Le sélectionneur a guidé son équipe vers le titre de champion du monde, vingt ans après avoir remporté le trophée comme joueur. Il fait partie des plus grands. de notre envoyé spécial
VINCENT GARCIA MOSCOU – Le voilà en très bonne compagnie, dans le cercle restreint des légendes de ce jeu, à la hauteur du Brésilien Mario Zagallo et de l’Allemand Franz Beckenbauer, « meilleurs techniciens » selon lui et qui ont, eux aussi, remporté la Coupe du monde comme joueur puis comme entraîneur. Vingt ans après avoir été le capitaine de la première équipe de France championne du monde, Didier Deschamps (49 ans) vient d’être le sélectionneur qui a guidé les Bleus vers leur deuxième étoile. Comme joueur ou comme technicien, l’idée du guide lui va très bien, lui qui a su fédérer ce groupe de jeunes « garnements » bourrés de talent, pour construire une équipe de combattants à son image. Un groupe qui ne « lâche rien », selon son expression préférée.
« Il a trouvé les bons mots et le bon équilibre, il mérite cette victoire », l’a félicité Hugo Lloris. Si « l’émotion n’est pas la même », comme le dit souvent l’ancien milieu défensif, elle était très forte, hier, au coup de sifflet final. Il a partagé ces moments de joie avec ses joueurs, bien sûr, qui l’ont porté en triomphe. Après de longues et vibrantes accolades, il leur a dit que le monde avait changé et que le leur allait changer dès aujourd’hui et pour toujours. « Ils ne peuvent pas se rendre compte, a expliqué le coach tricolore après coup. Même s’ils prennent des chemins différents, ces vingt-trois joueurs seront liés à vie par cet événement. Ils ne seront plus les mêmes. Remporter la Coupe du monde, il n’y a pas d’équivalent dans leur métier. »
Liés, les champions du monde 1998 le sont. Unis, pas toujours, et le sélectionneur n’a pas très bien vécu quelques critiques venues de son propre camp avant la compétition, comme celles de Christophe Dugarry par exemple. Un documentaire jugé à charge, dans l’émission « Complément d’enquête » sur France 2, a aussi blessé son entourage, surtout. Lui a la peau épaisse du dinosaure et beaucoup de critiques lui passent au-dessus, contrairement à ses proches. Hier, sa femme, Claude, et son fils, Dylan, qui avait deux ans en 1998, sont descendus sur la pelouse du stade Loujniki pour fêter le sacre. Deschamps sautillait alors partout, un drapeau tricolore à la main. Après les photos, notamment avec son staff et le trophée, l’ancien milieu a regagné le vestiaire, où l’attendait Emmanuel Macron, notamment. Le président de la République était venu avec un soldat mutilé aux combats, qui voulait absolument « rencontrer » le sélectionneur. Deschamps l’a longuement enlacé.
Il a commencé à y croire après la victoire contre l’Argentine
Ensuite, devant la presse, alors qu’il recevait le trophée de meilleur entraîneur et s’apprêtait à répondre aux questions, la plupart de ses joueurs sont arrivés pour l’arroser. « On nage dans le bonheur », a-t-il rigolé.

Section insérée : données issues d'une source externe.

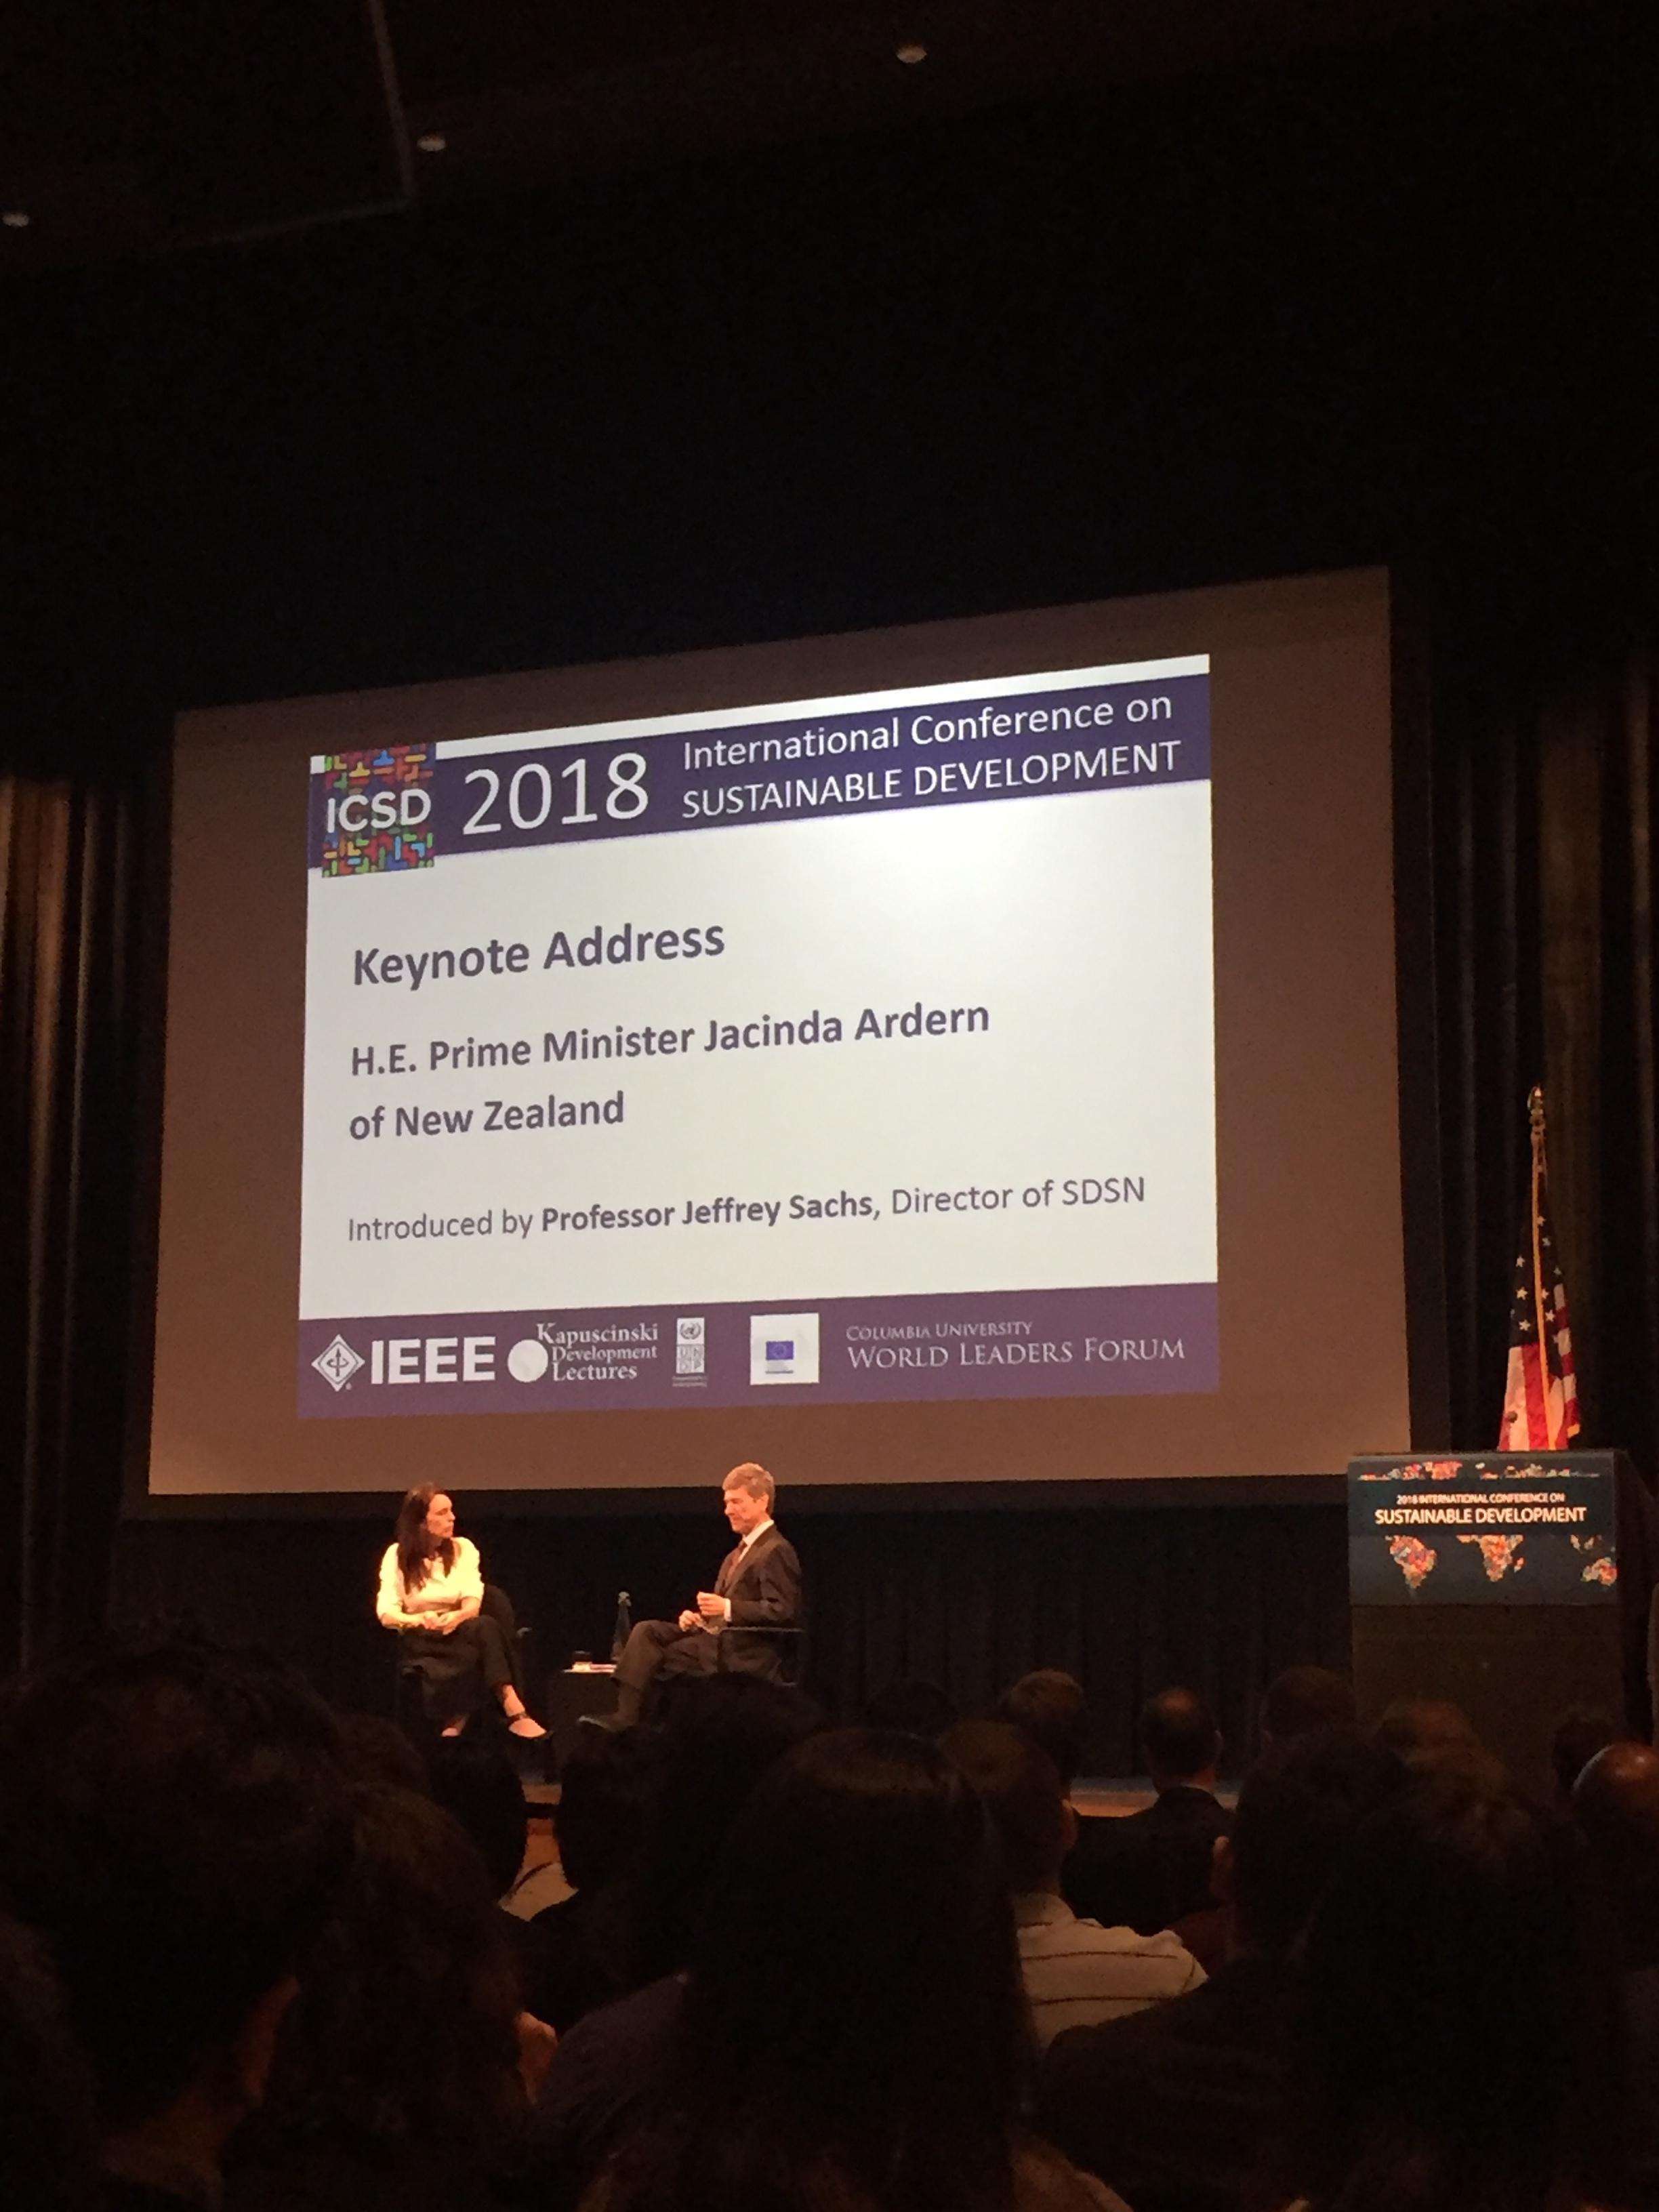 Professor Jeffrey Sachs interview PM Ardern after her keynote address at ICSD. Photo Credits: Sienna Nordquist
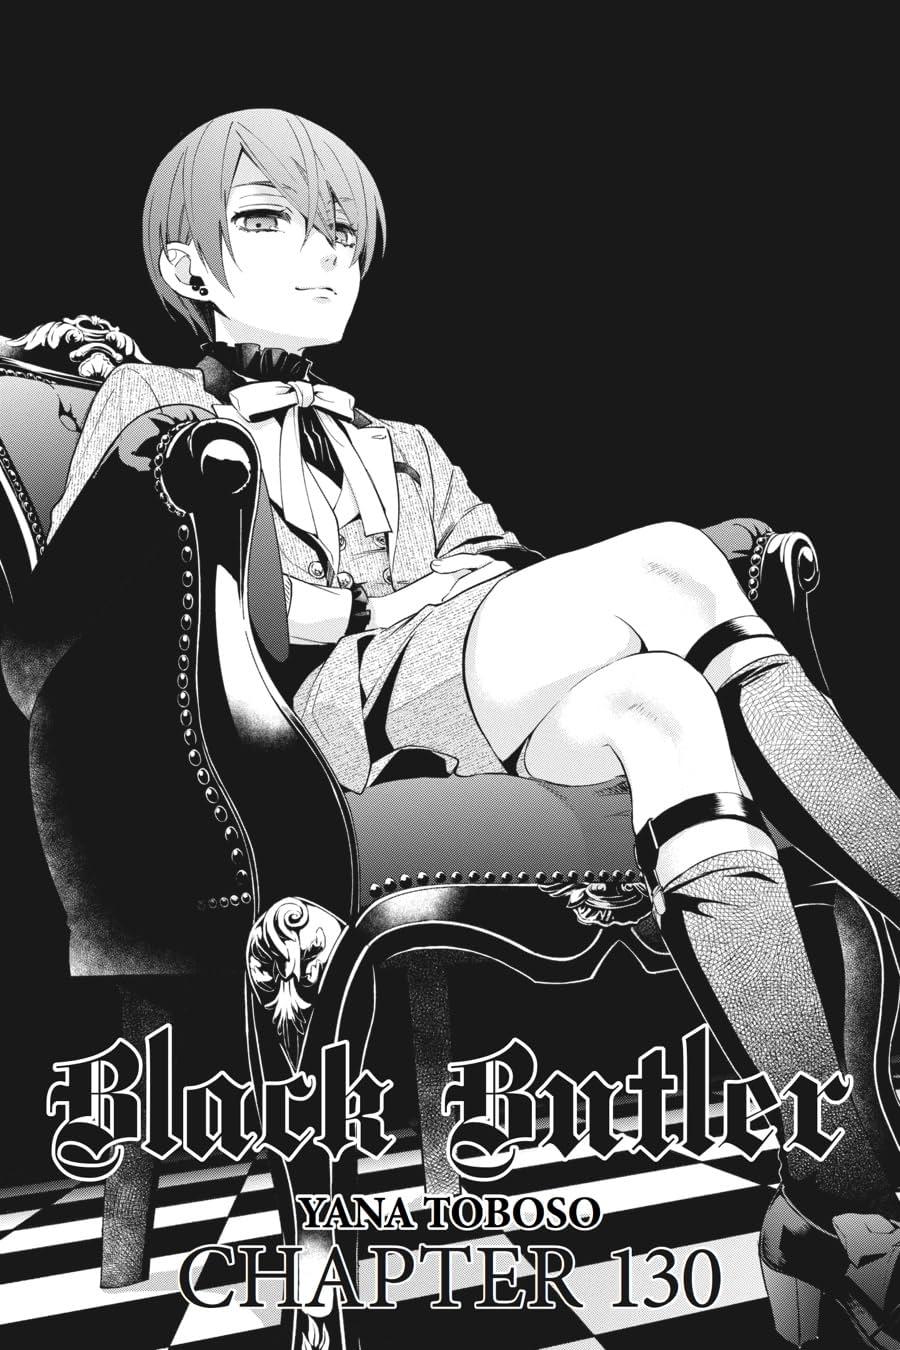 Black Butler #130

Souvent charrié pour son « animal de compagnie », une femelle, censée le suivre partout, et qu’on appelle autrement la chance, l’ancien entraîneur de Monaco et de l’OM a fait rire son auditoire à une question d’un confrère africain. « Si même au Nigeria, on me parle de la chance, je suis mal barré », a-t-il souri. Face aux médias, Deschamps, sous contrat jusqu’en 2020, a dit regarder « devant ». Il a souligné l’importance de son staff, reconnu que tout n’avait pas été flamboyant, notamment la première période face aux Croates hier (4-2). Il a avoué avoir commencé sérieusement à y croire après la victoire contre l’Argentine, en huitièmes (4-3). Le technicien a changé de système tactique trois fois en quelques semaines, a trouvé la bonne formule contre le Pérou (1-0), au deuxième match, et a réussi à bâtir une équipe solidaire et accrocheuse à son image. Talentueuse ? Aussi, mais ce n’est pas ce qui caractérisait Deschamps quand il était joueur. Sans les atouts d’un Zidane ou d’un Platini, il est aujourd’hui au firmament du sport français et mondial.